# Unknown Piranha, Possible Hybrid?



## jp80911 (Apr 3, 2008)

what do you guys think?
marginatus+manueli????


----------



## Johnny_Zanni (Nov 8, 2009)

S. Aureus


----------



## Piranha-Freak101 (Dec 8, 2010)

S.egienmanni of some sort


----------



## JoeDizzleMPLS (Nov 5, 2007)

Johnny_Zanni said:


> S. Aureus


Aureus is classified in the Pristobrycon genus

I think S. eigenmanni when I look at that pic


----------



## Johnny_Zanni (Nov 8, 2009)

JoeDizzleMPLS said:


> S. Aureus


Aureus is classified in the Pristobrycon genus

I think S. eigenmanni when I look at that pic
[/quote]

"Unknown species collected by George Fear, appears similar to S. eigenmanni or more likely S. aureus."
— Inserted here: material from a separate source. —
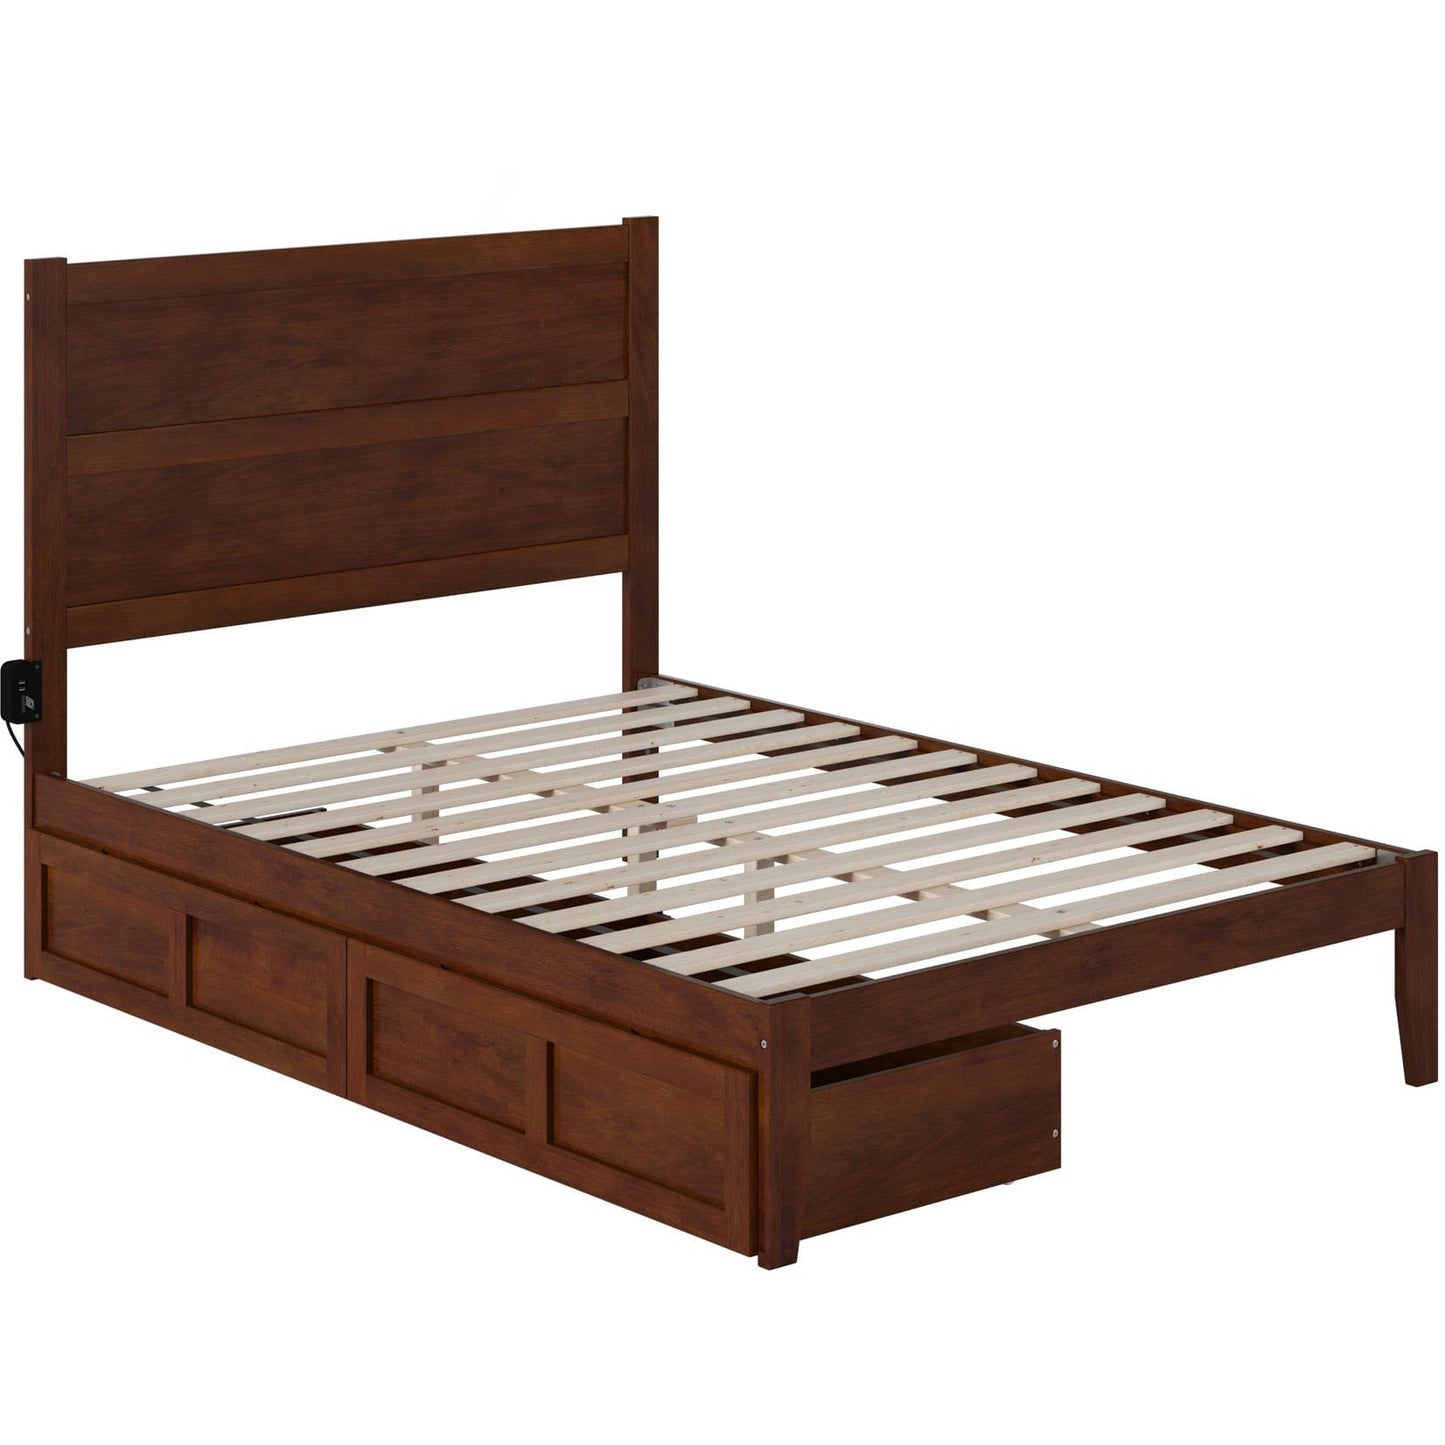 AFI Furnishings NoHo Full Bed with 2 Drawers in Walnut AG9113334
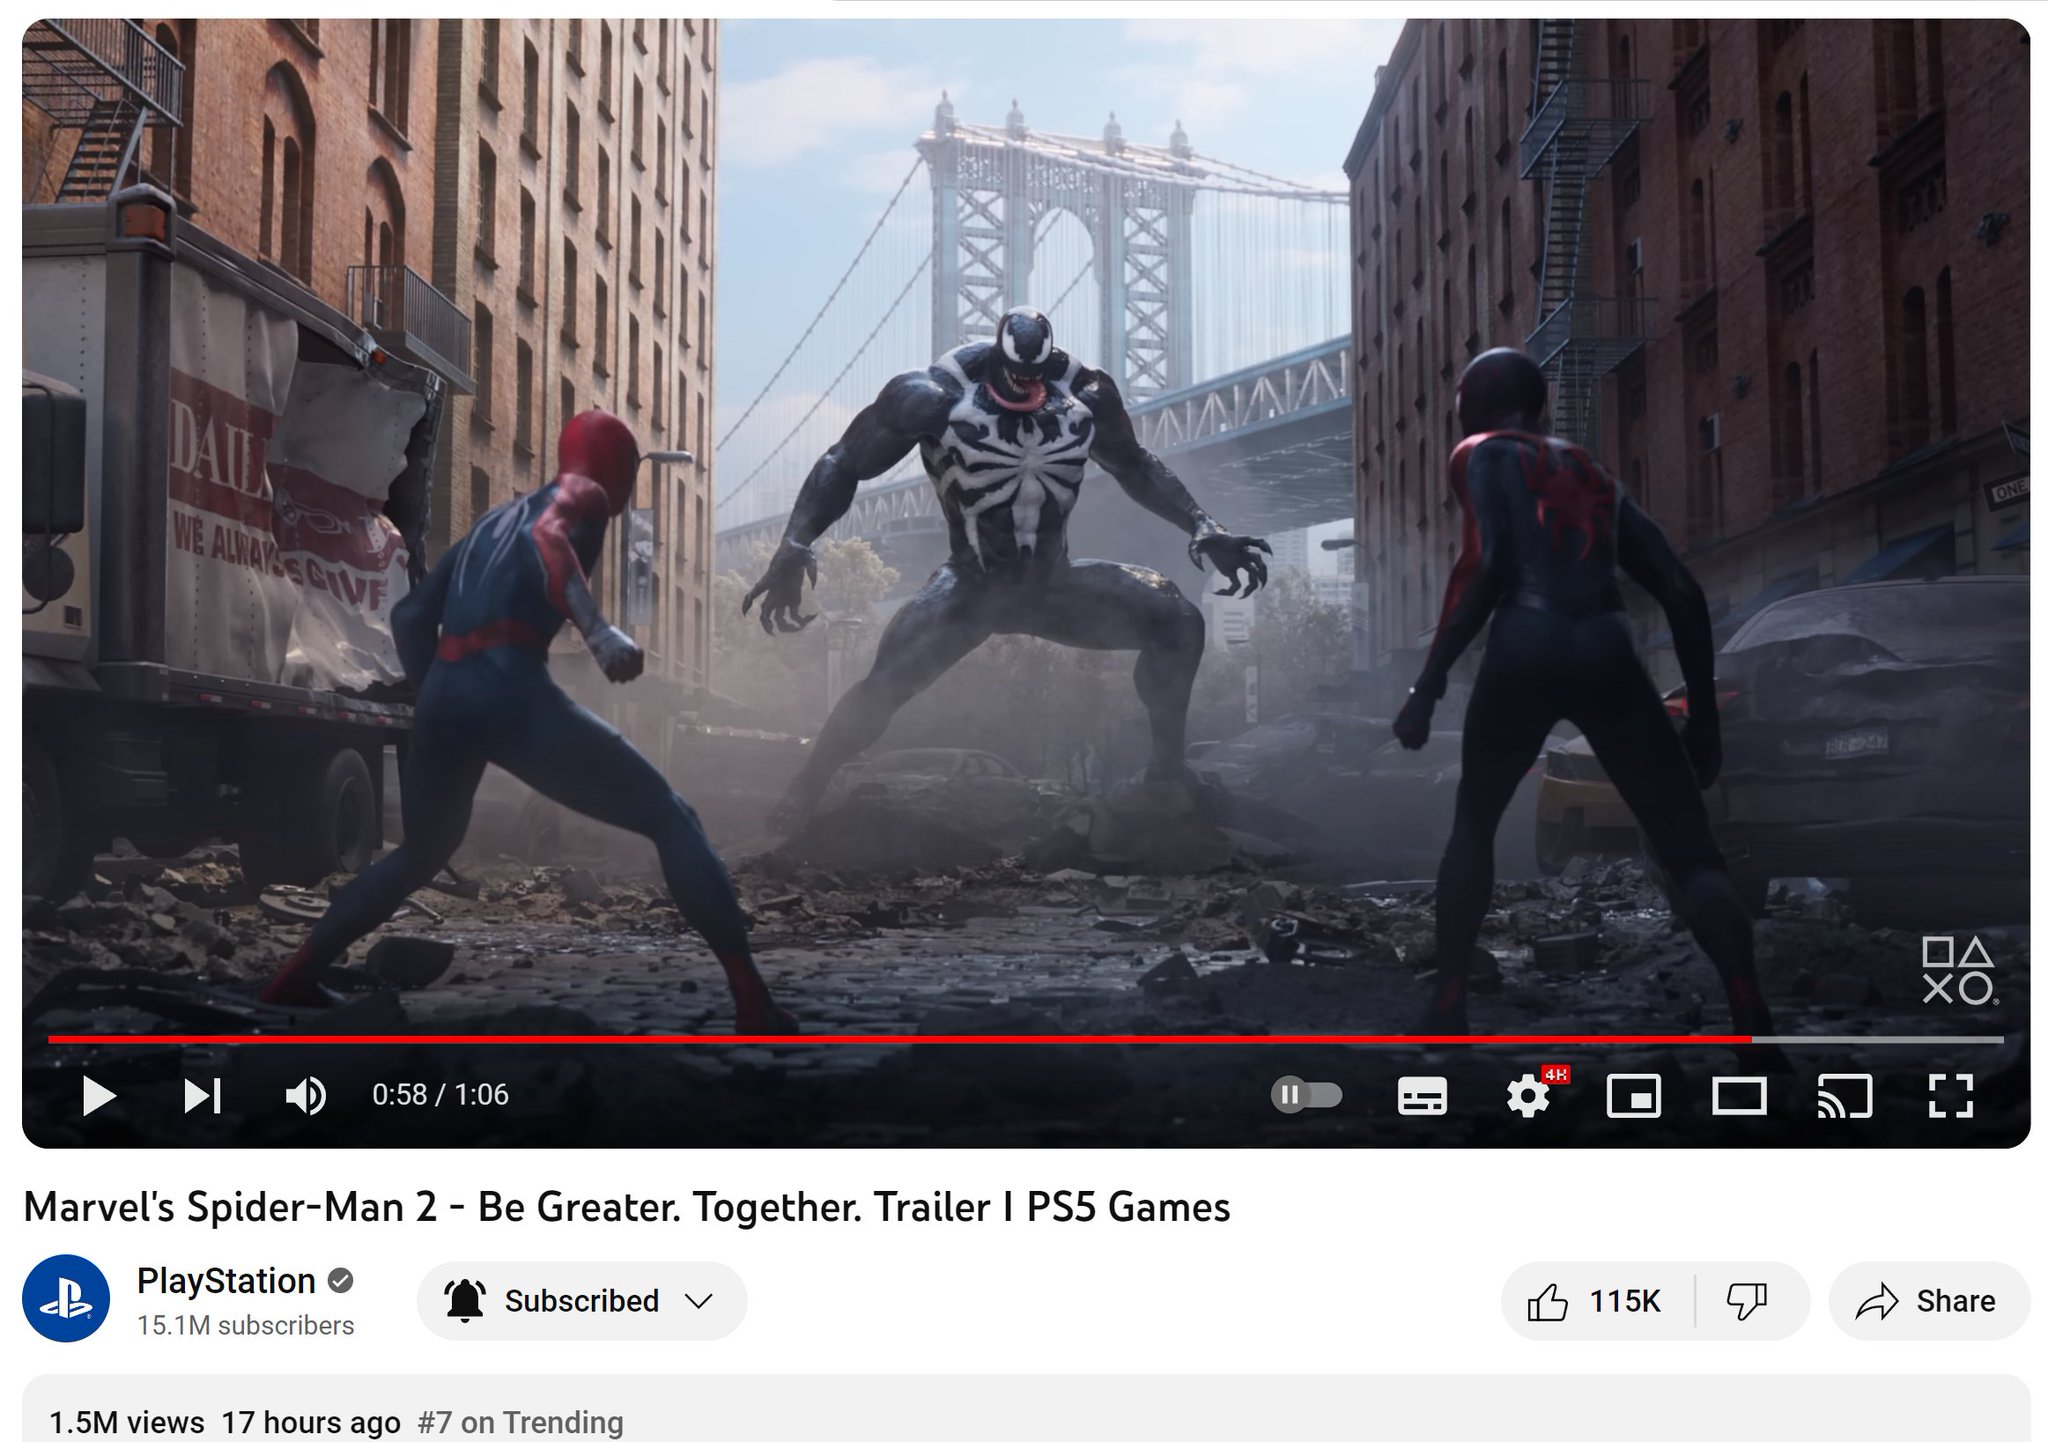 Zuby_Tech on X: Marvel's Spider-Man 2 Be Greater Together Trailer  Surpasses 1.5 Million Views In Under 24 Hours! They Hype Is Real!   #MarvelsSpiderMan2 #SpiderMan2PS5 #SpiderMan2  #BeGreaterTogether #Venom @insomniacgames https

Its disputed. A lot of pristobrycon fish don't belong in that genus anyway.


----------



## Smoke (Sep 8, 2010)

Reminds me of the yellow eigenmanni...


----------



## Hogdog (Feb 1, 2010)

It's really pretty whatever it is.


----------



## 0S1R1S (Aug 29, 2010)

Smoke said:


> Reminds me of the yellow eigenmanni...


Looks exactly the same. What am I missing?


----------



## FEEFA (Nov 19, 2007)

What ever it is I love it, one of the nicest p's I've ever seen.

I really like the yellow with the dark humeral spot, amazing
















Any idea how big it is/gets?


----------



## balluupnetme (Oct 23, 2006)

The head looks like a bit like catoprion mento


----------